9. You need a budget
You Need a Budget (YNAB) offers users a proactive approach to budgeting and is great for beginner budgeters and seasoned vets alike. Note that this is a paid app, so if you want to use it, you will have to spend $14.99 per month or $98.99 per year, but there is a 34-day free trial period you can take advantage of to see if the app works for you. It also comes with a 100% money-back guarantee if you aren’t satisfied with it.
You can either link a bank account to the app or manually enter each transaction. It is certainly easier and less time-consuming to automatically transfer transactions from your accounts rather than having to put them all into the app yourself. YNAB follows “four rules for less money stress,” which are:
- Give every dollar a job.
- Embrace your true expenses.
- Roll with the punches.
- Age your money.
YNAB emphasizes that you are the one in charge and can choose how you want to allocate your money. You just need to decide ahead of time where each dollar goes and stick to that plan. There are plenty of answered questions and blog posts throughout the website and app that help users learn everything they need to know about finances.
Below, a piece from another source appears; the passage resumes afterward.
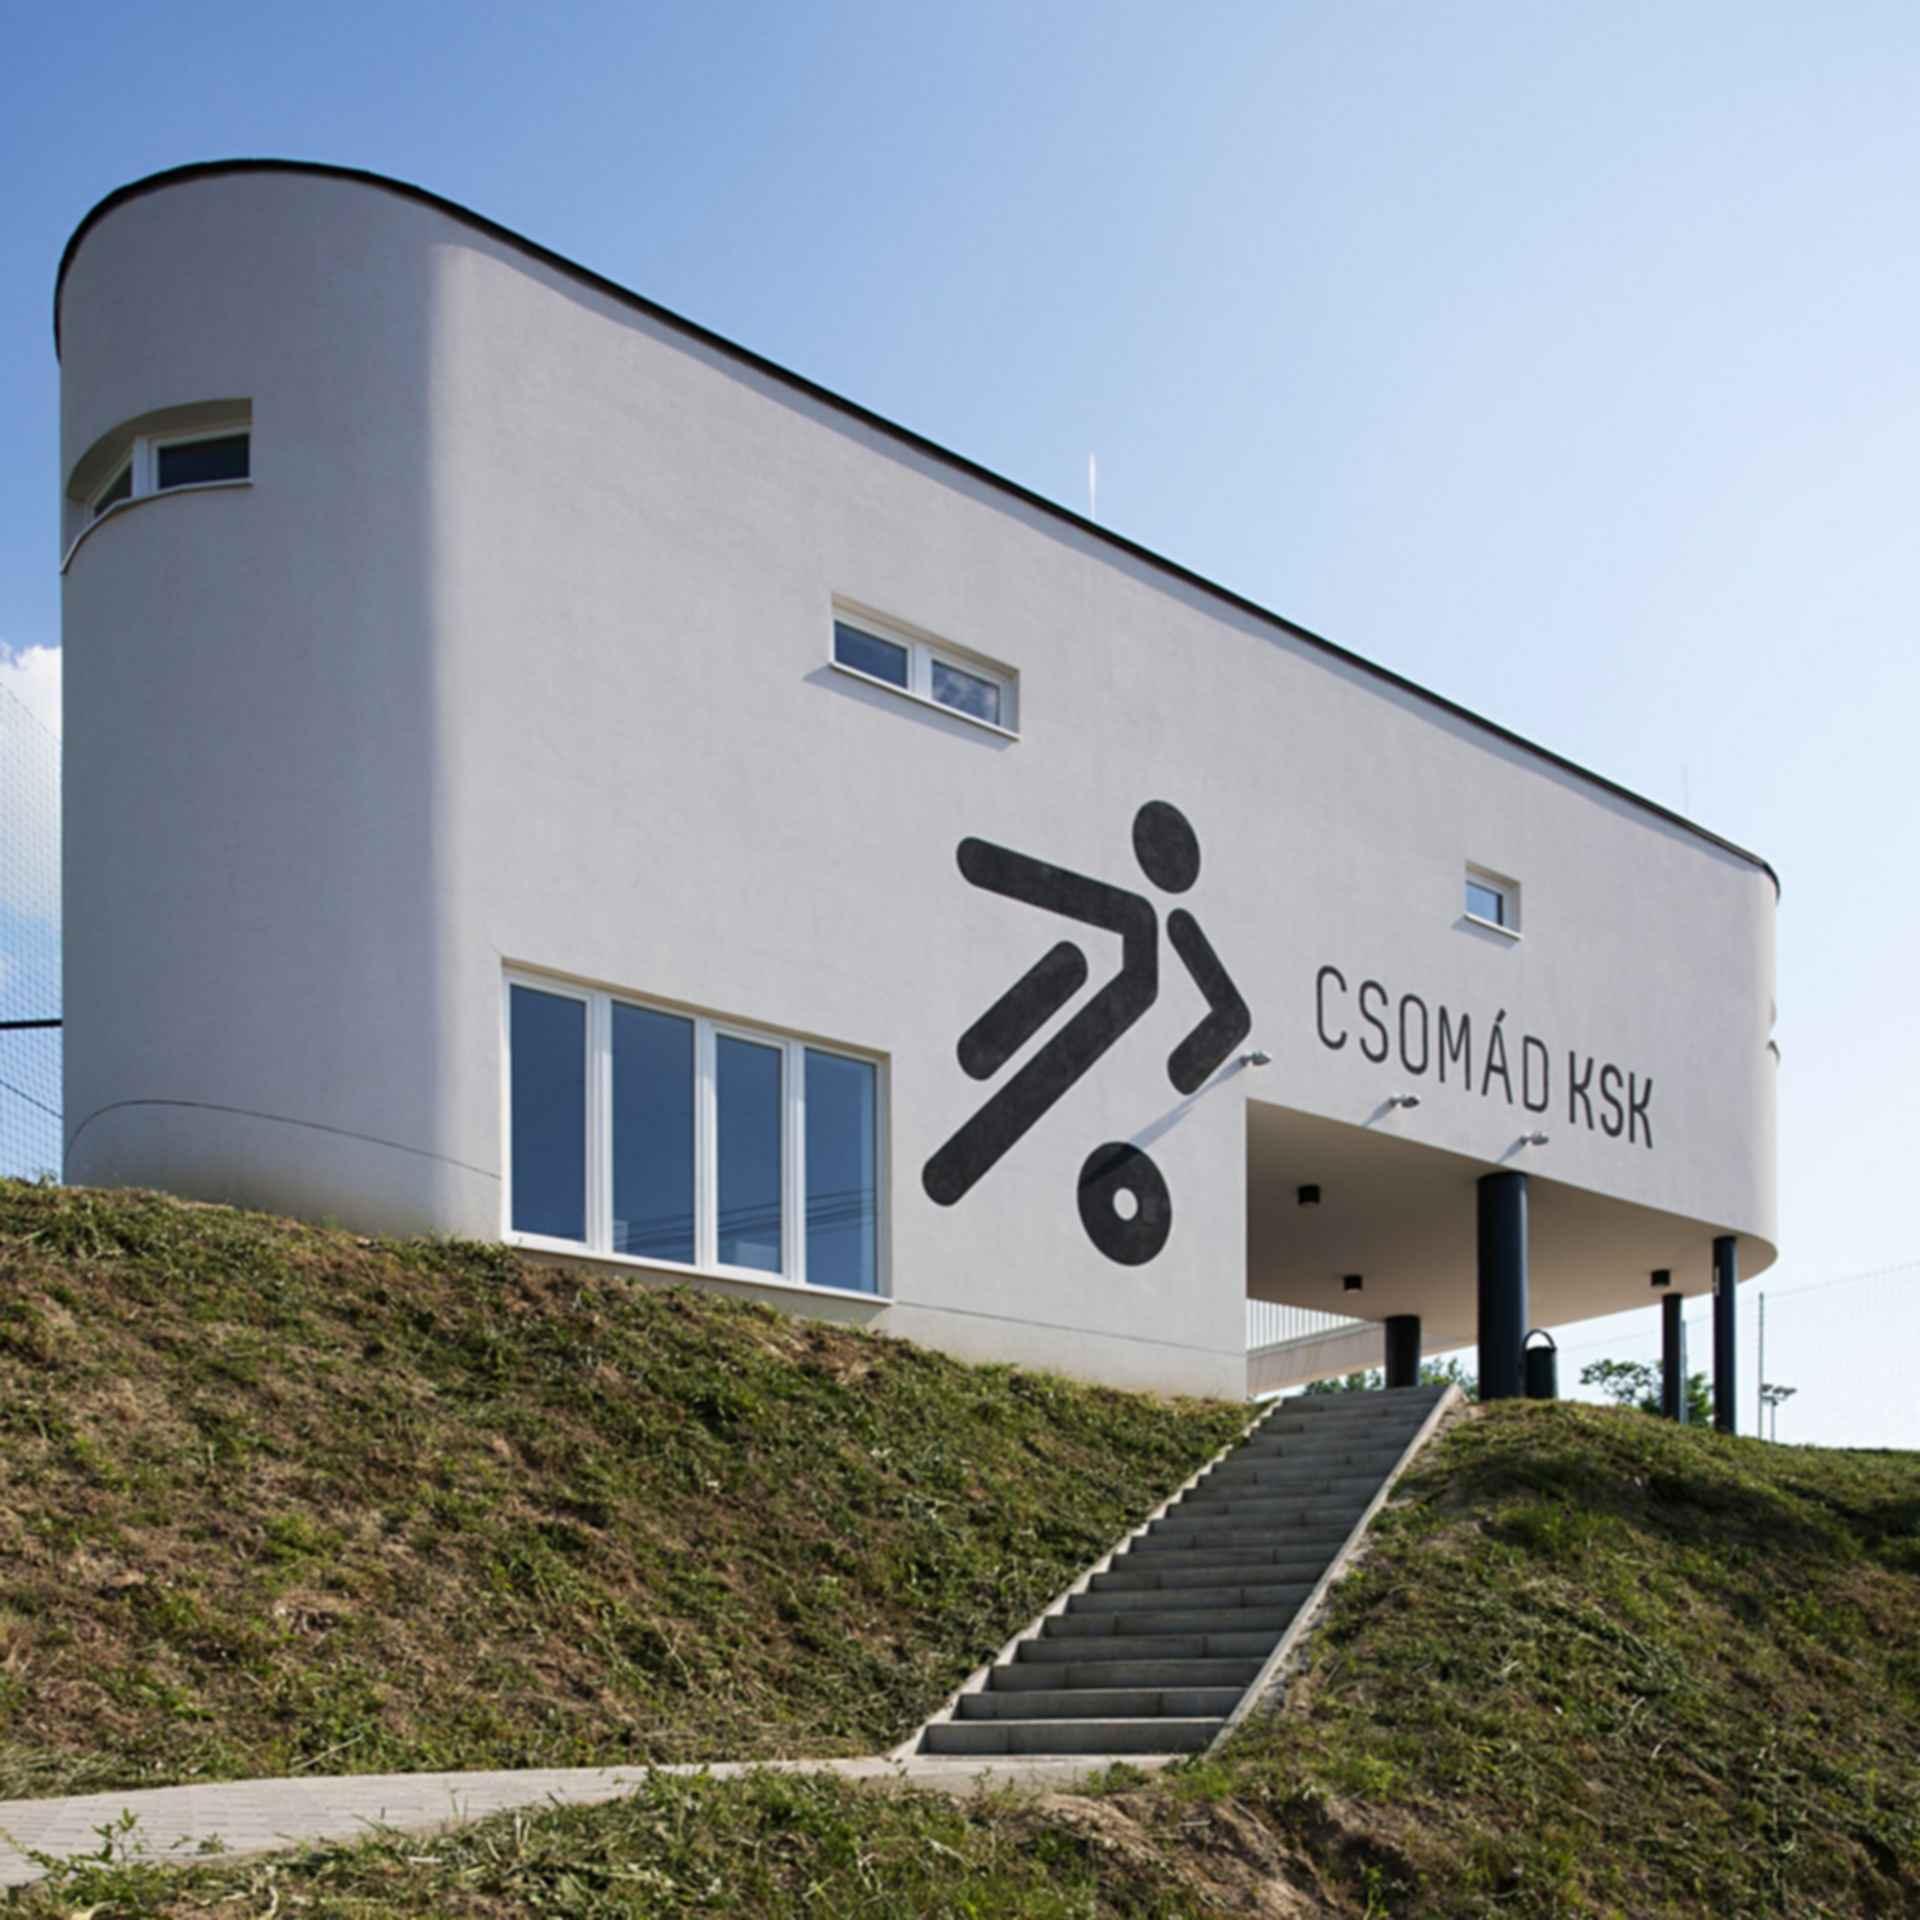 Sports Center Csomad - Exterior/Entrance

Although it might seem counterintuitive to pay money for an app when you are trying to get a hold of your finances, it could be helpful to have a stake in the game and expert resources at your fingertips. It’s definitely more expensive than some other options, but it seems like it’s worth the investment.
Given today’s economy, it makes sense that so many people are stressed about finances. Inflation is still through the roof, and the cost of living seems to be getting higher by the day. Even though stress is a natural response, it’s not necessarily productive. When you manage your stress and take care of your mental health, you can get a hold of your finances much more efficiently and with less struggle. These eight apps are fantastic for budgeting, learning various therapy techniques, and moving forward.